I hope that my hon. Friend the Minister will think again on this amendment. I am pretty sure that my colleagues on the Committee in the other place will bring it back, so he will have time to think about it.

Mr. Cash: Does the hon. Gentleman accept that the amendment could include another type of reservation-one that covers the ratification of European treaties? Many of us consider a reservation requiring a referendum to be held to ensure that a matter such as the Lisbon treaty would have been properly discussed by the British people to be absolutely crucial.

Mr. Dismore: The hon. Gentleman wants to take me down a rather different byway. His own amendments will be debated soon, so I shall hold my tongue on the point that he raises, as I think that it is something of a distraction from what we are trying to achieve with the amendment before us.

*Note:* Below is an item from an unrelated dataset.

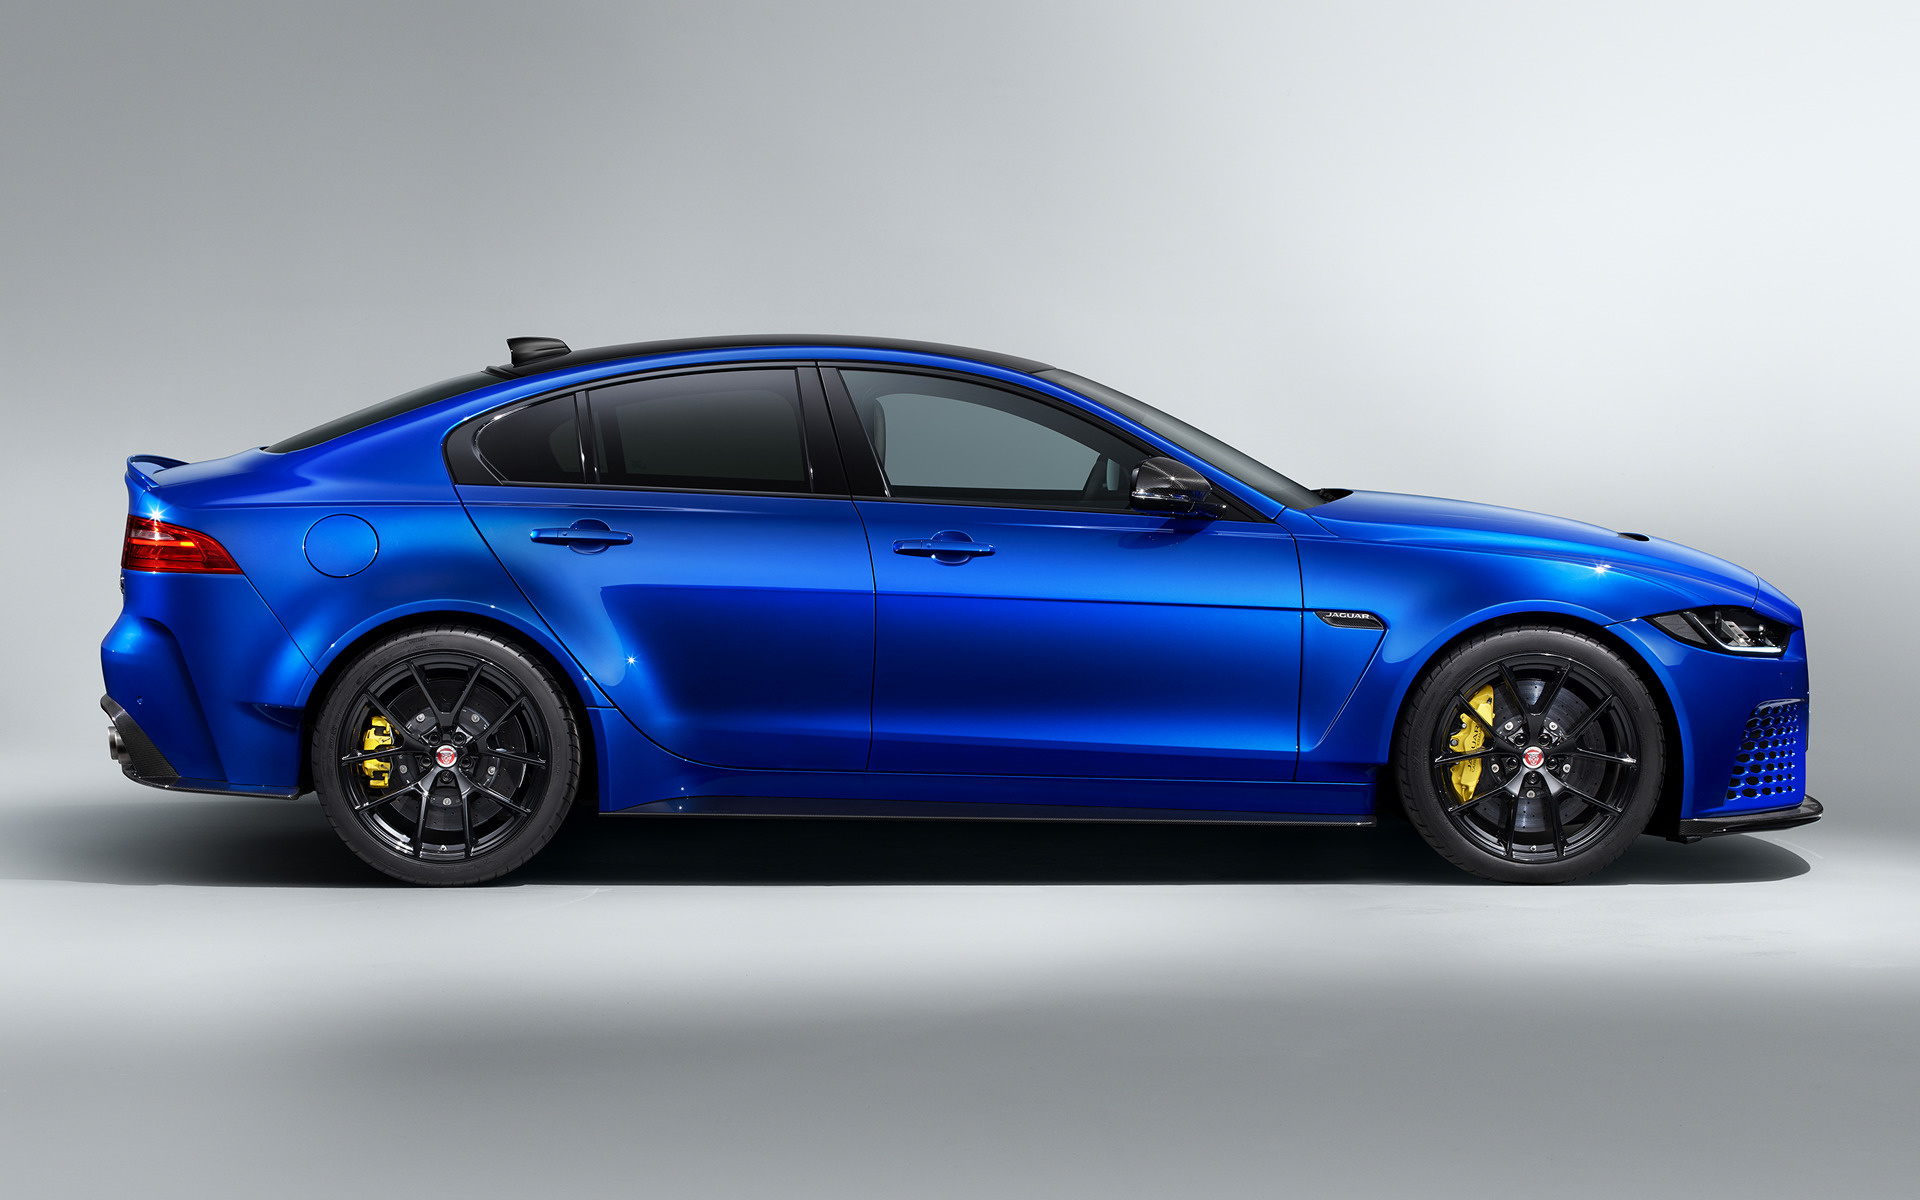 Jaguar XE SV Project 8 Touring and HD Image

As I said, I do not propose to press that amendment to a Division, so I beg to ask leave to withdraw it.

Amendment, by leave, withdrawn.

David Howarth: I beg to move amendment 1, page 12, leave out lines 41 and 42 and insert-

'(c) both Houses of Parliament have resolved that the treaty should be ratified.'.

The Temporary Chairman: With this it will be convenient to discuss the following:

Amendment 2, page 13, line 1, leave out subsection (2).

Amendment 3, page 13, line 3, leave out subsection (3).

Amendment 4, page 13, line 5, leave out subsection (4).

Amendment 5, page 13, line 11, leave out subsection (5).